Sen. Mike Lee granted visa to Russia after other senators' requests are denied

Sen. Mike Lee granted visa to Russia after other senators' requests are denied
© Aaron Schwartz

Sen. Mike LeeMichael (Mike) Shumway LeeExclusive: Kushner tells GOP it needs to unify behind immigration plan Manufacturing group leads coalition to urge Congress to reauthorize Ex-Im Bank Overnight Defense: GOP grumbles after Trump delays military projects for wall | House panel hints at subpoena for Afghanistan envoy | Kabul bombing raises doubts about Taliban talks MORE (R-Utah) has been granted a visa to visit Russia after Moscow previously rejected two other senators’ requests to be allowed to travel to the country.

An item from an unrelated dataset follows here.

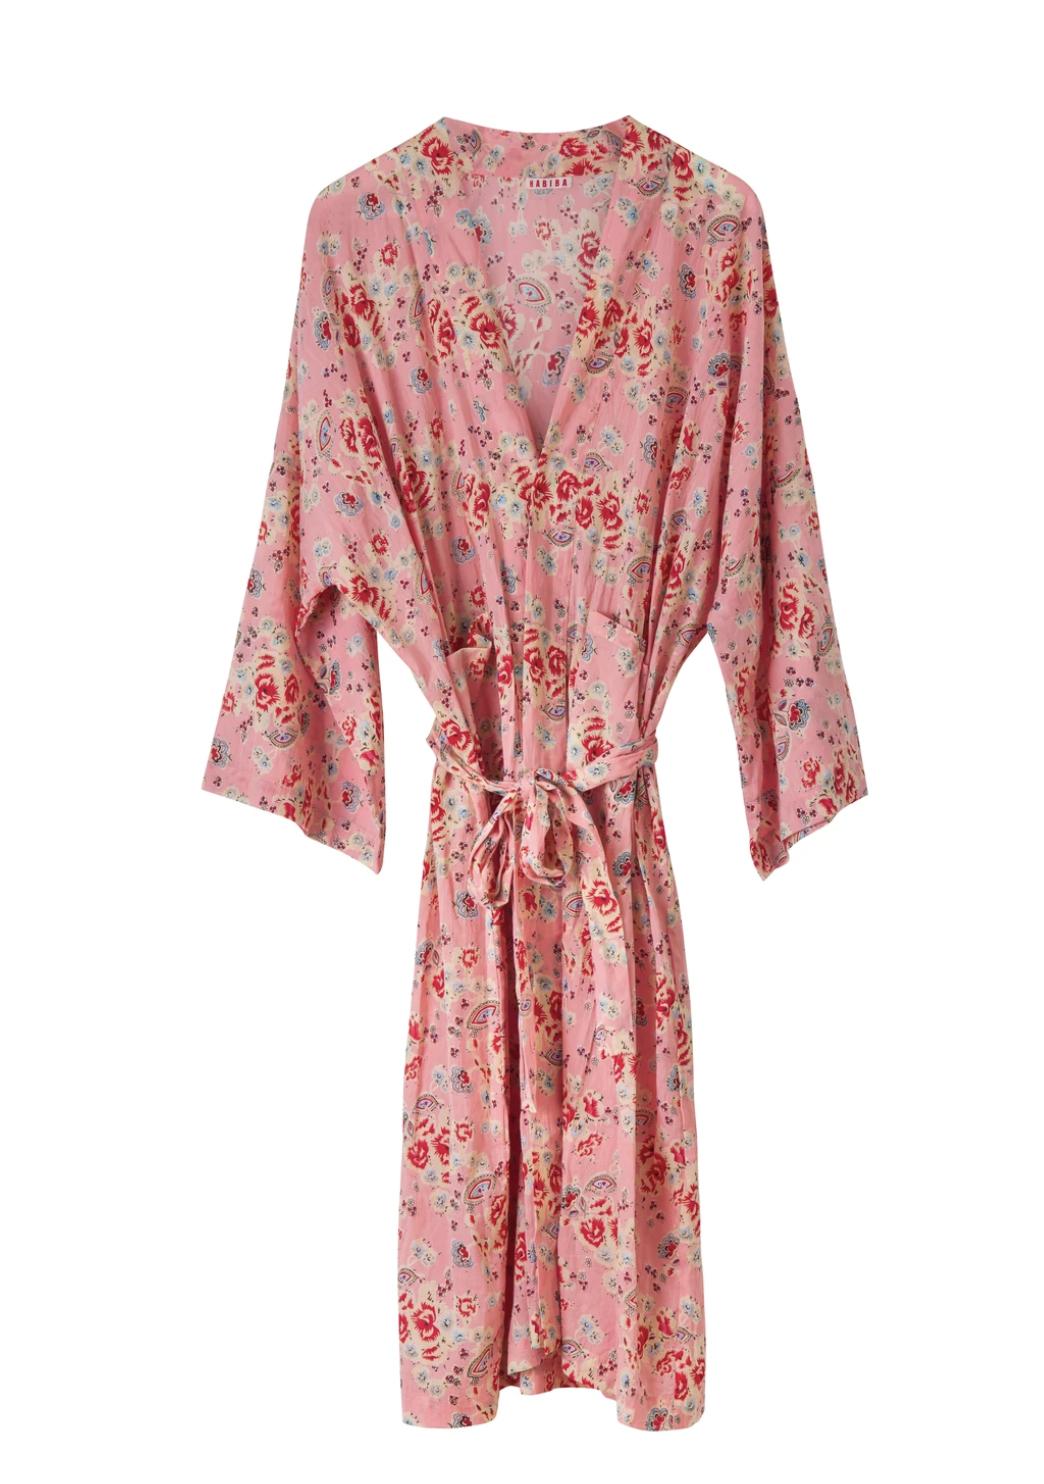 HABIBA - Yoko Kimono, Blush

A spokesman for Lee told The Hill that the Utah Republican will travel to Russia from Sept. 5 to 8 and will meet with government officials and members of the business community, as well as outgoing U.S. Ambassador to Russia and former Utah Gov. Jon Huntsman Jr.Jon HuntsmanSen. Mike Lee granted visa to Russia after other senators' requests are denied Jon Huntsman Jr. — Good for Everybody MORE


Lee intends to discuss “trade and military relations, [and] religious liberty,” the spokesman said. “It is important for the United States to maintain a strong and open dialogue with the Russian Federation in order to make progress on matters that are central to American peace and prosperity.” 

Politico first reported the news of Lee’s visa.

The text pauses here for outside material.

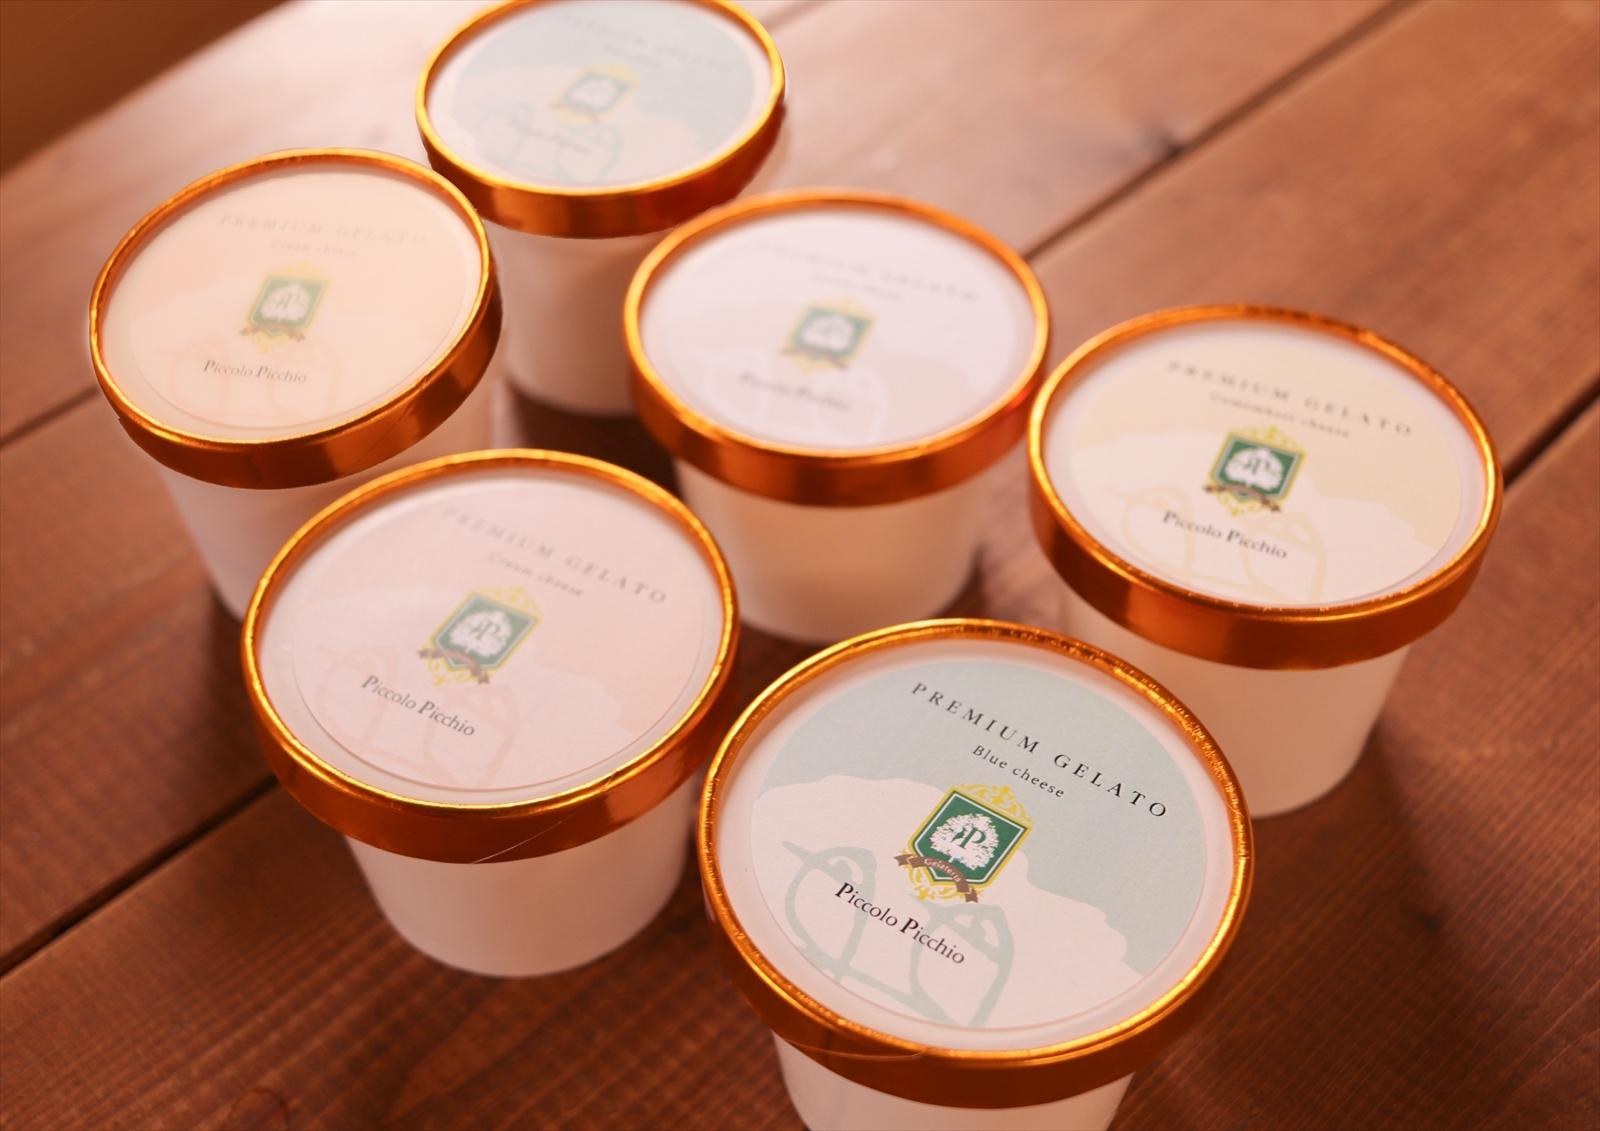 森のジェラートセット6個入り【チーズのアソート】

Sens. Chris MurphyChristopher (Chris) Scott MurphyProspects for Trump gun deal grow dimmer This week: House jump-starts effort to prevent shutdown Senators struggle to get spending bills off ground as shutdown looms MORE (D-Conn.) and Ron JohnsonRonald (Ron) Harold JohnsonDemocratic senator warns O'Rourke AR-15 pledge could haunt party for years Conservatives offer stark warning to Trump, GOP on background checks Hillicon Valley: Google to promote original reporting | Senators demand answers from Amazon on worker treatment | Lawmakers weigh response to ransomware attacks MORE (R-Wis.), both of whom sit on the Senate Foreign Relations Committee, said last week they were denied visas.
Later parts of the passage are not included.